Similarities in children's and early adolescents' perceptions of friendship qualities across development, gender, and friendship qualities

Sandra D. Simpkins, Ross D. Parke, Mary L. Flyr, Margaret N. Wild

Research output: Contribution to journalArticle

20 Scopus citations


Similarities between adolescents are often the cornerstone of a friendship; yet researchers know little about the similarities in friends' perceptions of the relationship. In the current study, the authors examine similarities in friends' perceived friendship qualities during the transition into early adolescence (n = 77 third graders, 110 fourth graders, 86 fifth graders, 81 sixth graders).
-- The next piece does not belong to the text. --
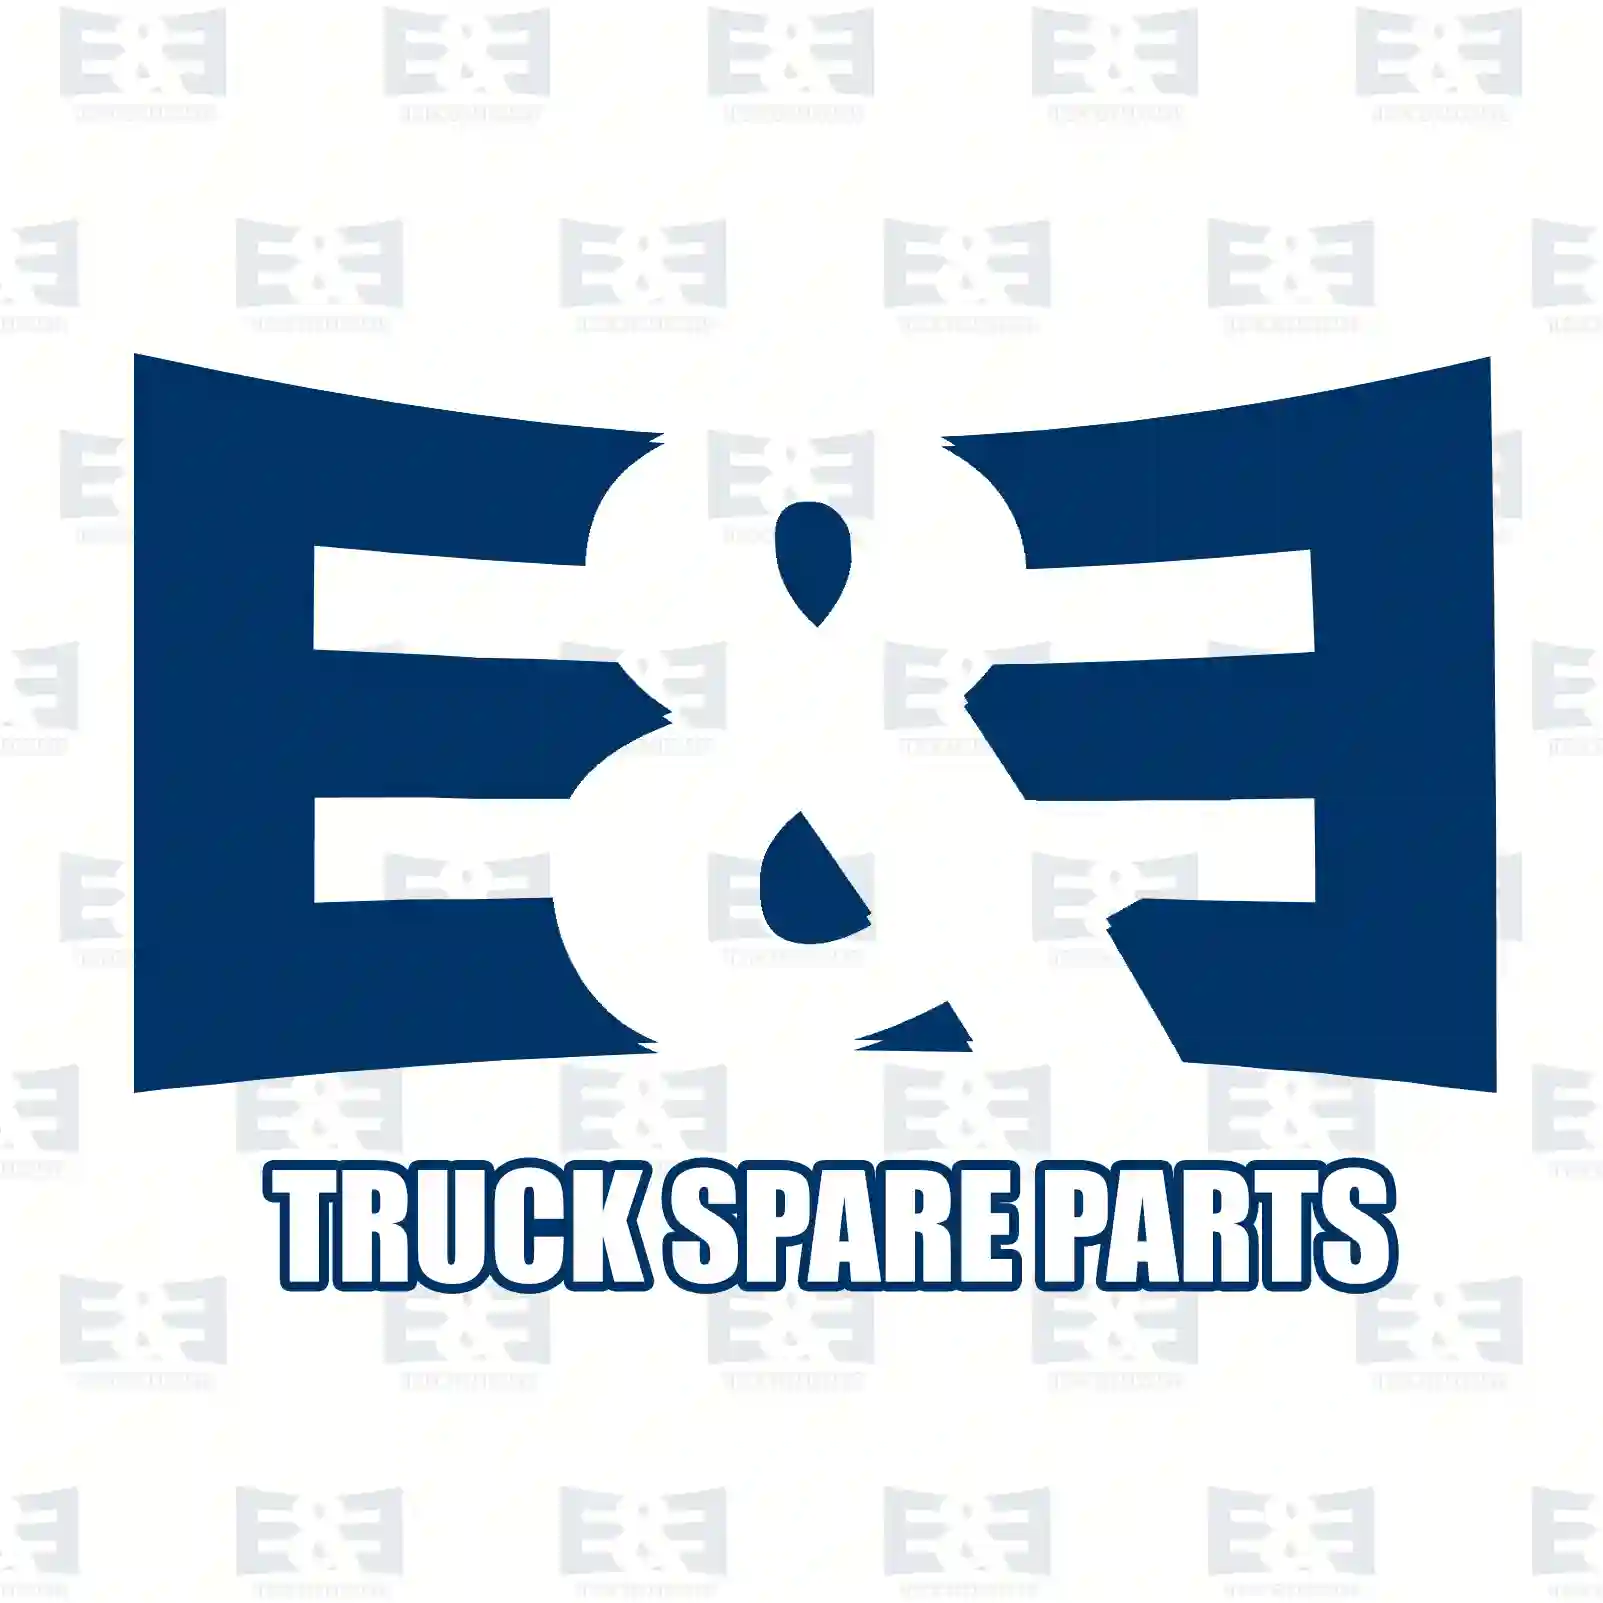 Switch, exhaust brake, 2E2203920, 81255050992 ||  2E2203920 E&E Truck Spare Parts | Truck Spare Parts, Auotomotive Spare Parts Switch, exhaust brake, 2E2203920, 81255050992 ||  2E2203920 E&E Truck Spare Parts | Truck Spare Parts, Auotomotive Spare Parts

The same study participants were assessed every year, but different self-selected friends of the study participants were assessed each year. Youth's perceptions of conflict, help, disclosure, companionship, conflict resolution, and validation were measured with the Friendship Quality Questionnaire. Findings suggest that the study participants' and their friends' perceptions of friendship qualities were moderately similar. These similarities did not typically differ across development, gender, or the type of friendship quality. The importance of friendships for development during the transition into early adolescence is emphasized.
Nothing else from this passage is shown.